The following are some of the top-level business concerns in building digital operational resilience management (DORM) maturity:

  • A DORM program aligned to the organisation’s context—Understanding the business landscape, including its threat landscape, is crucial for the program’s efficacy and efficiency. Not having a grasp of the digital threat landscape can create compliance risks, legal risks, and varying other risks that can gravely affect the well-being of the organisation, including its viability and reputation.
  • Leadership and Commitment to the DORM program—This is an essential and supporting aspect in setting the tone and culture of the organisation for DORM. Not taking responsibility and accountability for the success of DORM can imply its ineffectiveness in implementation and operations throughout the business, thereby leading to its failure and lack of support throughout the organisation. Today, organisations are highly digitally transformed, and the failure of the DORM will create critical operational losses and breaches, driving untold business risks like class-action suits, regulatory fines, financial losses, etc.
  • Resilience governance —Provides clear direction and defined roles, visibility into operational performance and risks, fosters collaboration, improves organisational efficiency, and, most importantly, supports accountability. Poor governance can lead to:
    • Inadequate structuring of the mechanisms needed to achieve strategic resilience goals – hampering resilience integration throughout the organisation.
    • Insufficient human competent resources to plan, establish, operate, maintain, monitor, and continually improve the program.
    • Weak resilience culture due to poor communications channels, ineffective and non-operating awareness training programs to comprehensively and effectively develop a resilience culture, the lack of enforcement of continuing development of resilience human resources, and the lack of clear principles surrounding resilience and its importance to the organisation.
    • Ineffective or non-enabling processes throughout the organisation, thereby reducing resilience maturity capabilities in management systems.
  • Effective Business Assessment—Supporting the initial phases of risk assessment and business impact analysis for true and thorough business risk operational awareness for control development and management, thereby improving and enhancing resilience. Inabilities in the initial phases reduce the organisation’s ability to capture risks that can affect the overall business resilience due to an incident, again causing grave business risks.
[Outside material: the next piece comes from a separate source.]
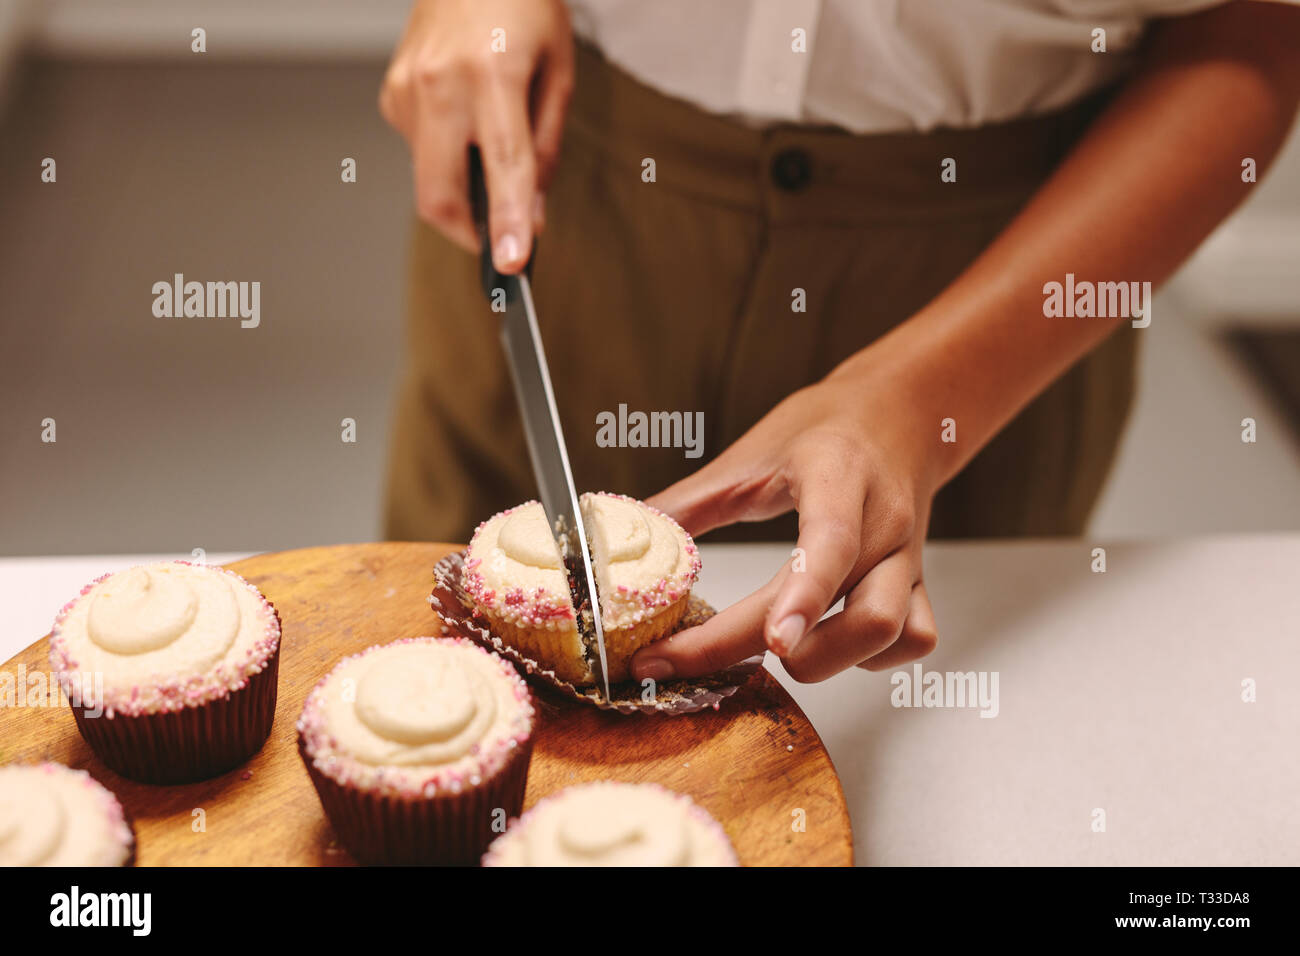 Close up de la coupe d'un chef pâtissier cupcake fait maison sur planche de bois avec un couteau. Femme pâtissier préparation de muffins dans la cuisine. Banque D'Images

  • Building the Organizational Resilience Culture—This occurs through developing supported communications strategies, awareness training, certified training, and mechanisms for cultivating resilience behaviours. Failure to create a culture of resilience throughout the organisation can lead to low resilience maturity capabilities, affecting overall business resilience due to digital operational losses caused by cyber and information security incidents.
  • Assessment and Continuous improvement—Support the strategic tools to provide high-level insights into the program’s performance through comprehensive self-assessments, monitoring and measurement of KPIs and KRIs, presented through a strategic dashboard. This aids in making informed decisions and ensures the organisation’s resilience posture (maturity). Without oversight through data and support, the DORM maturity cannot be ascertained, thereby putting the organisation at risk due to a security incident, like a ransomware attack causing operational losses and a data breach.

Building business resilience through digital operational resilience involves essential activities to strengthen the organisation’s digital trust responsibilities within its business landscape. This includes enhancing stakeholder engagement and involvement while keeping them safe and secure from security threats. Corporate governance—ethical, social, and political responsibilities—has never been more critical than in this digital transformation age. It requires commitment and true leadership to ensure safe and secure operations, processes, functions, products, and services delivered in a digitally transformed world.